Essa armadilha levou o BC a manter por tempo indeterminado a apreciação
do real e a segurar a crise das contas externas com as mais altas taxas
de juros do mundo. Como conseqüência, matou o mercado de consumo
pujante que estava se formando com o fim da inflação; e gerar a maior
dívida pública da história.
Mais que isso, matou o próprio sonho do PSDB de governar o país por 20 anos - no cálculo de seus operadores.
Os quatro primeiros anos de FHC foram sufocados pela dívida
criada no setor público e privado e pelo câmbio apreciado, criando um
enorme déficit externo, expondo o país a qualquer crise internacional.
Bastava uma crise na Rússia para um terremoto se abater sobre o Brasil.
Com o fim da inflação,
milhões de brasileiros ascenderam ao mercado de consumo.

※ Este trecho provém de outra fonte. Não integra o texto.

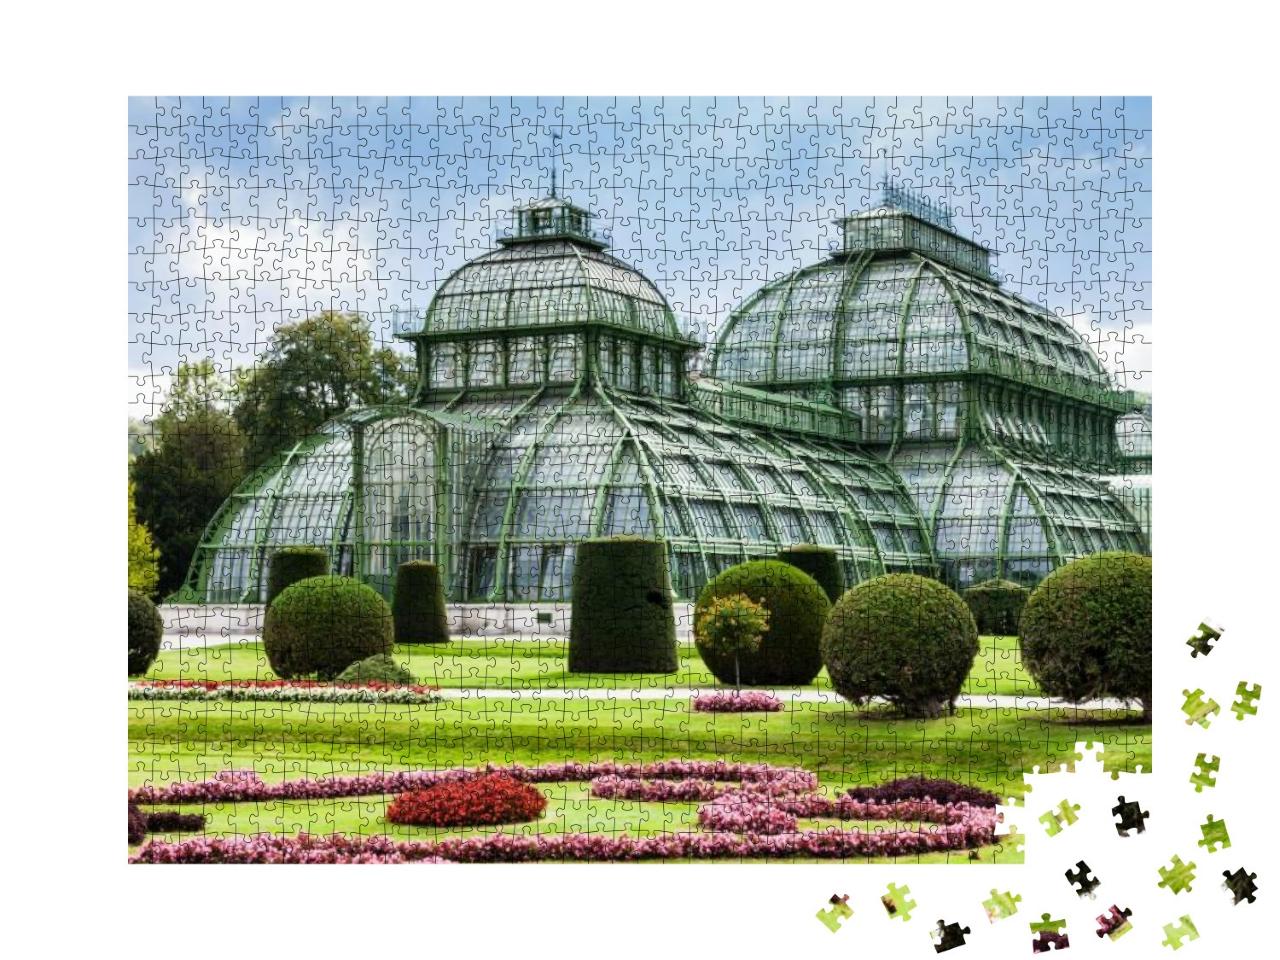 Travel to Vienna City - Palm House, Large Greenhouse in G... Jigsaw Puzzle with 1000 pieces

O governo FHC
poderia ter antecipado em quatro anos o fenômeno da nova classe C. Mas
as taxas de juros praticadas, para segurar o câmbio, mataram totalmente o
dinamismo da economia, obrigando os novos consumidores a refluírem para
a zona cinzenta do subconsumo.
Quatro anos depois, o câmbio cobrou a conta na crise da dívida externa que praticamente acabou com o segundo mandato de FHC.
Em 2002 Lula foi eleito, o PSDB alijado do poder e, já extremamente ricos, os economistas do Real trataram de procurar outros barcos para remar.
Vinte anos depois, o PSDB serve de novo de mula para o retorno dos financistas que liquidaram com o partido.